I recently started working on a portfolio which I may use for an internship application. Feedback is greatly appreciated.

Tim Samadov


----------



## Designer

What kind of internship are you hoping for?


----------



## trexon

I'm hoping to get an internship at a studio or with a wedding photographer. I'll take any internship dealing with photography though. 


Designer said:


> What kind of internship are you hoping for?


----------



## Designer

trexon said:


> I'm hoping to get an internship at a studio or with a wedding photographer. I'll take any internship dealing with photography though.
> 
> 
> Designer said:
> 
> 
> 
> What kind of internship are you hoping for?
Click to expand...

O.K., then I have a suggestion for you:  Try some formal portraits, and use lighting.  

The collection of informal portraits you have now have very little to do with studio work, and not much to do with weddings.  If you can show someone that you know something about lighting, it will go a long way to getting that internship.  

Like it or not, a prospective employer will expect you to actually know something, and as nice as it might be to learn everything in your internship, employers are looking for a worker who can take simple direction, and do what is asked the first time.  

Learn as much as you can about studio lighting so you can at least speak intelligently about it.  You don't have to be a whiz, just know the names for the equipment and how it is used.  Good luck!

Oh, BTW: don't be surprised if you don't actually shoot any photographs for a while.


----------



## trexon

Designer said:


> trexon said:
> 
> 
> 
> I'm hoping to get an internship at a studio or with a wedding photographer. I'll take any internship dealing with photography though.
> 
> 
> Designer said:
> 
> 
> 
> What kind of internship are you hoping for?
> 
> 
> 
> 
> 
> Click to expand...
> 
> O.K., then I have a suggestion for you:  Try some formal portraits, and use lighting.
> 
> The collection of informal portraits you have now have very little to do with studio work, and not much to do with weddings.  If you can show someone that you know something about lighting, it will go a long way to getting that internship.
> 
> Like it or not, a prospective employer will expect you to actually know something, and as nice as it might be to learn everything in your internship, employers are looking for a worker who can take simple direction, and do what is asked the first time.
> 
> Learn as much as you can about studio lighting so you can at least speak intelligently about it.  You don't have to be a whiz, just know the names for the equipment and how it is used.  Good luck!
> 
> Oh, BTW: don't be surprised if you don't actually shoot any photographs for a while.
Click to expand...


I don't have access to a studio so I wouldn't really be able to do formal portraits. Thank you for the feedback though, I'll study up about lighting.


----------



## tirediron

trexon said:


> I don't have access to a studio so I wouldn't really be able to do formal portraits. Thank you for the feedback though, I'll study up about lighting.

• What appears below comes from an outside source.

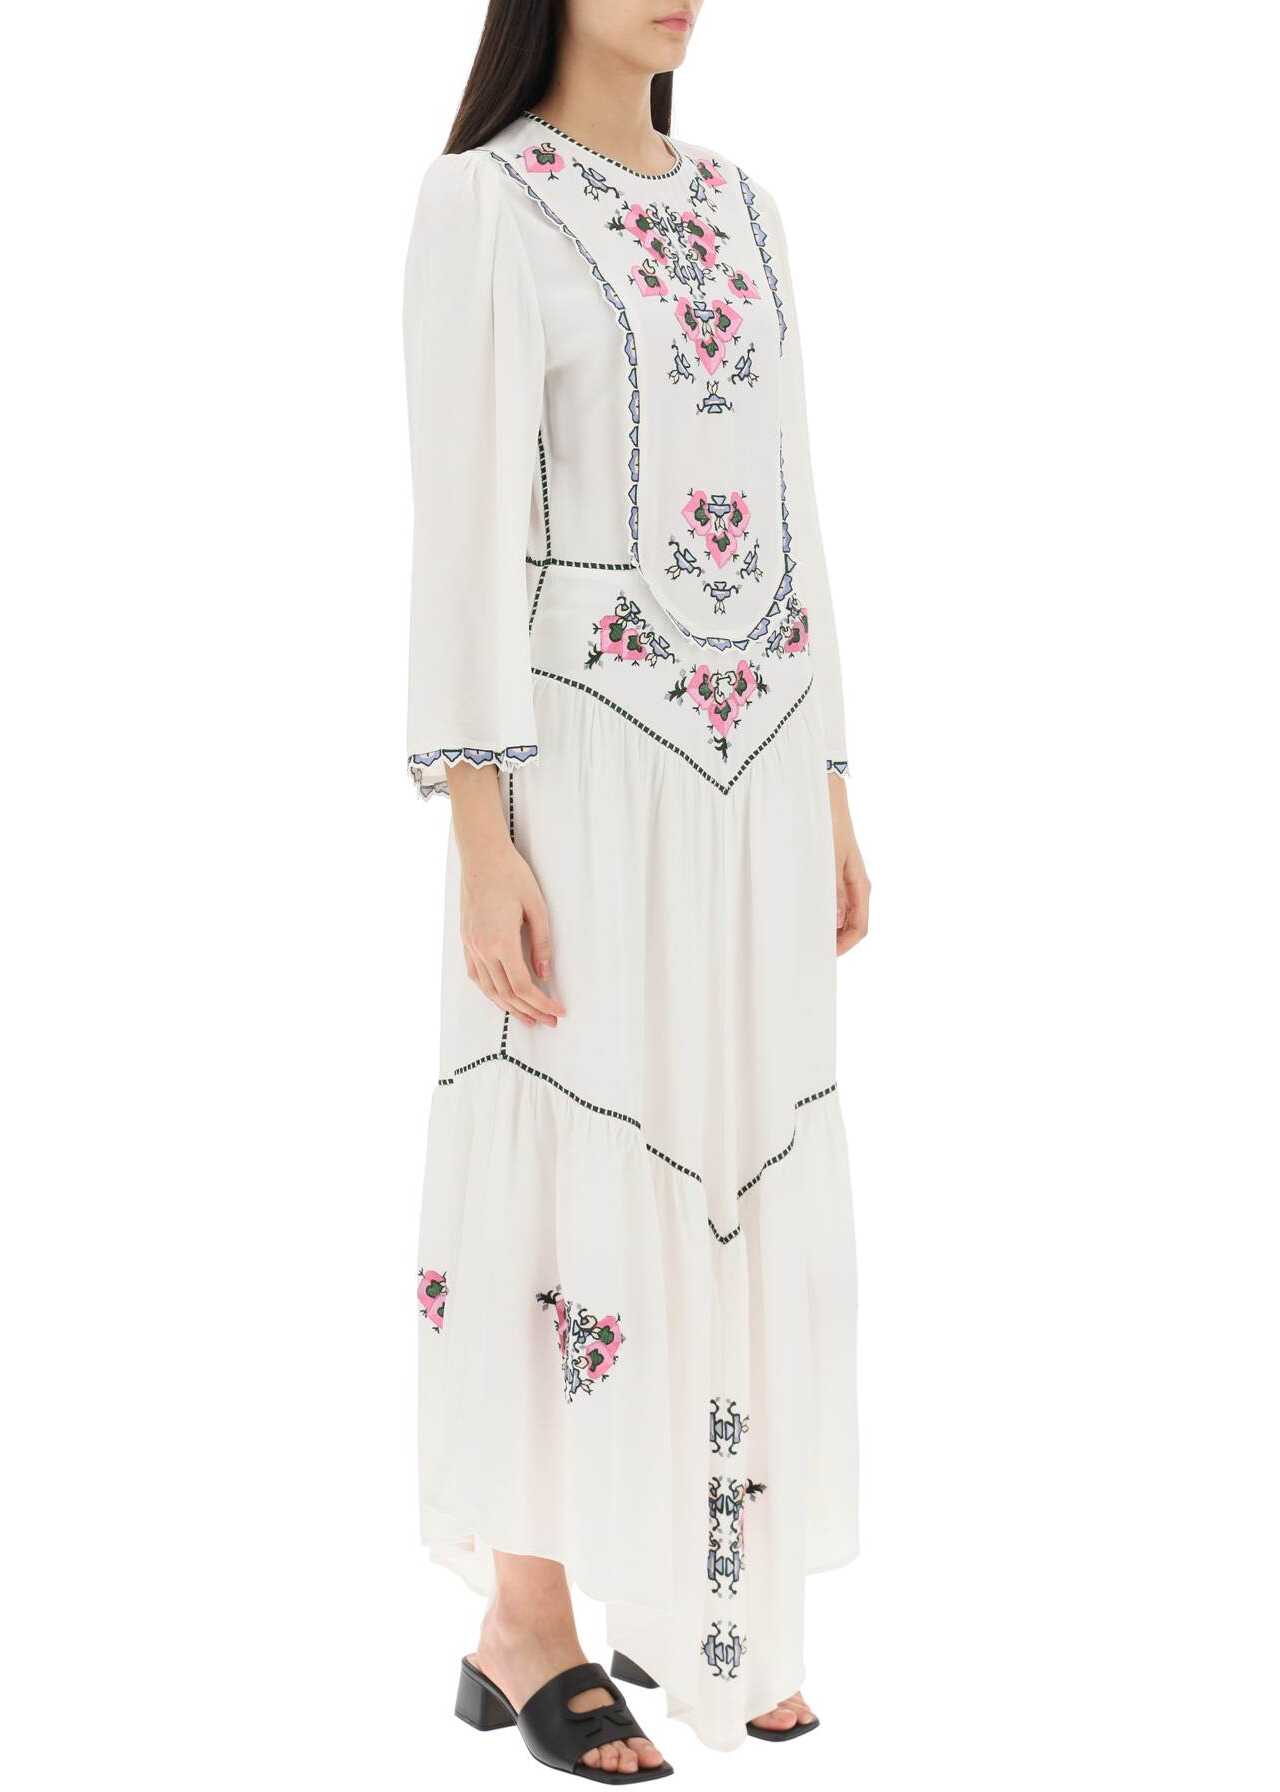 Isabel Marant \'Sonia\' Embroidered Maxi Dress WHITE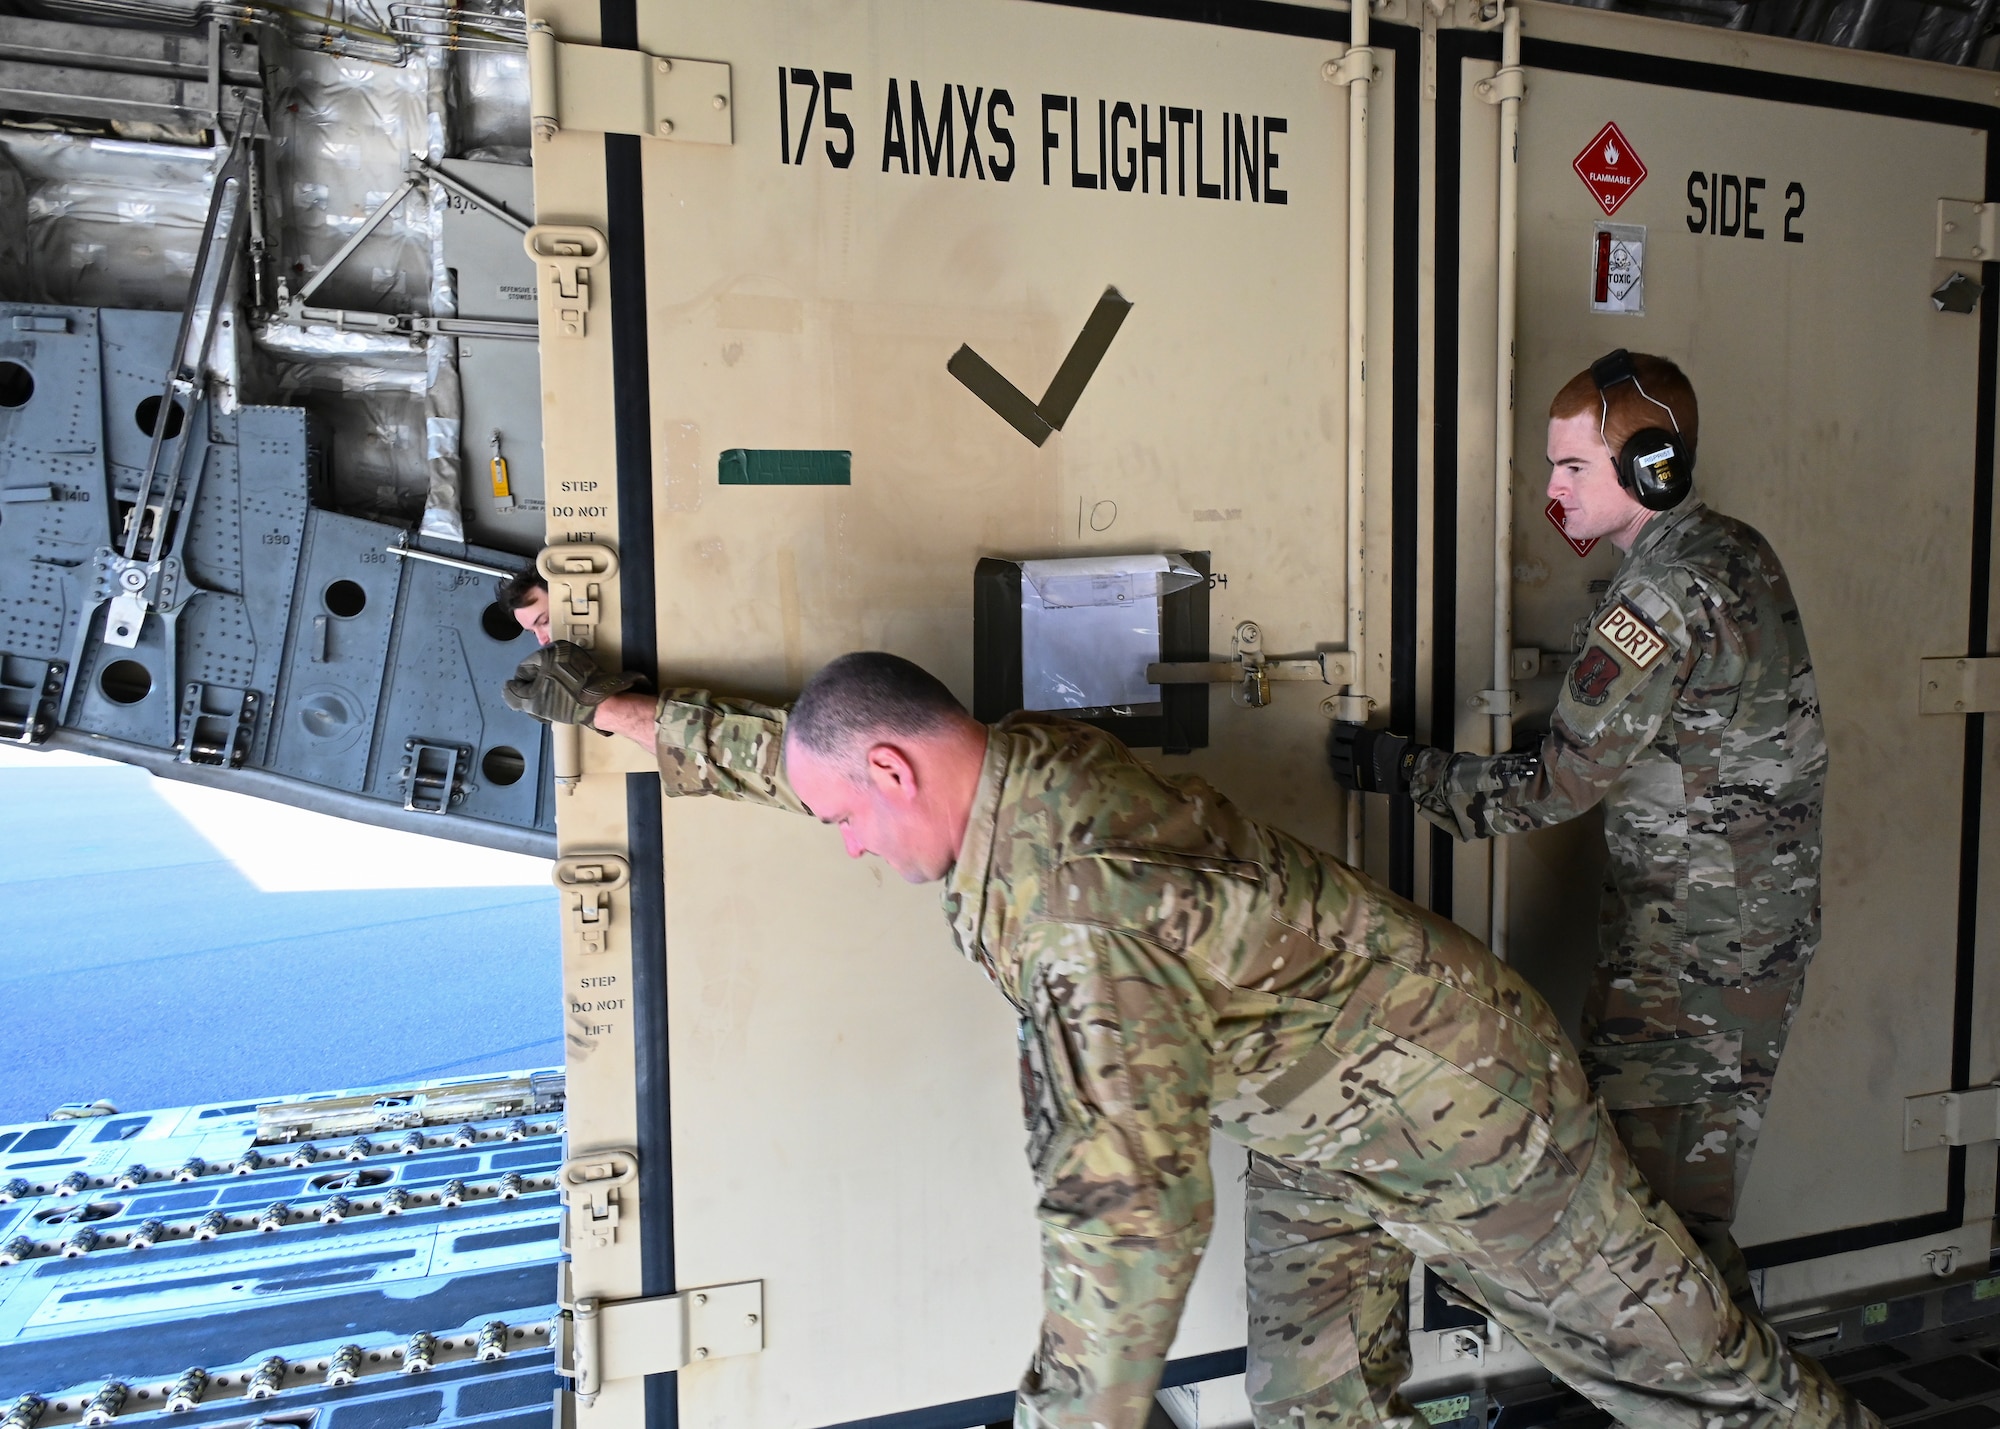 U.S. Air Force Senior Master Sgt. Joseph Windle (left), a loadmaster assigned to the 167th Airlift Wing, West Virginia Air National Guard, and U.S. Air Force Tech. Sgt. Ryan Springer, an air transportation specialist assigned to the 167th Airlift Wing, West Virginia Air National Guard, unload cargo from a C-17 Globemaster III aircraft during the DEFENDER-Europe 22 exercise, May 23, 2022, in Kuressaare, Estonia.

Pull the other one, it's got bells on!  You're working [apparently] in New York City.  There are probably thousands of 'rent by the hour' studio spaces you can get.  

Designer is spot on with his points about studio work and lighting.  Given how many people there are who want exactly what you're seeking, potential employers can afford to be VERY picky.  If I were to hire someone as a general dog's body, and he couldn't understand "drop the key 1/3 stop and bring in a fill at 1 1/2 stops below key" he/she would be out the door.


----------



## Derrel

One suggestion would be to study some books on composition, and when to use a tall camera orientation versus a wide camera orientation. You are making one of the most-common mistakes in portraiture when you are framing up your shots; you are leaving too much headspace above the people, and are cropping them off in an awkward manner, at the wrist, or at the arm, etc. at the bottom edge of your compositions.

Your people in several examples are "riding low in the frame"...this is a very common tendency, and it is tricky with the 3:2 aspect ratio of so,so many modern cameras! The issue with the common, d-slr format aspect of 3:2 is that the frame's area is not very tall on a "wide" (the often-referred to _landscape orientation_) shot, and is very narrow on a 'tall" shot (the frequently referred to "_portrait orientation_").

Other than the framing issue, you seem to be doing pretty well on technicals and on expressions. Keep working on your craft, but study up on the art aspect as well. The craft part (exposure, focus, post-processing) is all fairly good so far, from what I saw in your work. You just need more elegant, more balanced composing methods.


----------



## trexon

tirediron said:


> trexon said:
> 
> 
> 
> I don't have access to a studio so I wouldn't really be able to do formal portraits. Thank you for the feedback though, I'll study up about lighting.
> 
> 
> 
> Pull the other one, it's got bells on!  You're working [apparently] in New York City.  There are probably thousands of 'rent by the hour' studio spaces you can get.
> 
> Designer is spot on with his points about studio work and lighting.  Given how many people there are who want exactly what you're seeking, potential employers can afford to be VERY picky.  If I were to hire someone as a general dog's body, and he couldn't understand "drop the key 1/3 stop and bring in a fill at 1 1/2 stops below key" he/she would be out the door.
Click to expand...


Yeah I'm from NYC, but I'm also 16. A typical studio usually costs from 100-200$ for an hour or two. As a teenager you're typically not able to afford such a commodity with your personal money (hence why I'm trying to get an internship at a studio.) But I will definitely  study up on the photography jargon.


----------



## tirediron

Okay, you're 16; that presupposes one is attending school, ergo, studio space galore.


----------



## trexon

tirediron said:


> Okay, you're 16; that presupposes one is attending school, ergo, studio space galore.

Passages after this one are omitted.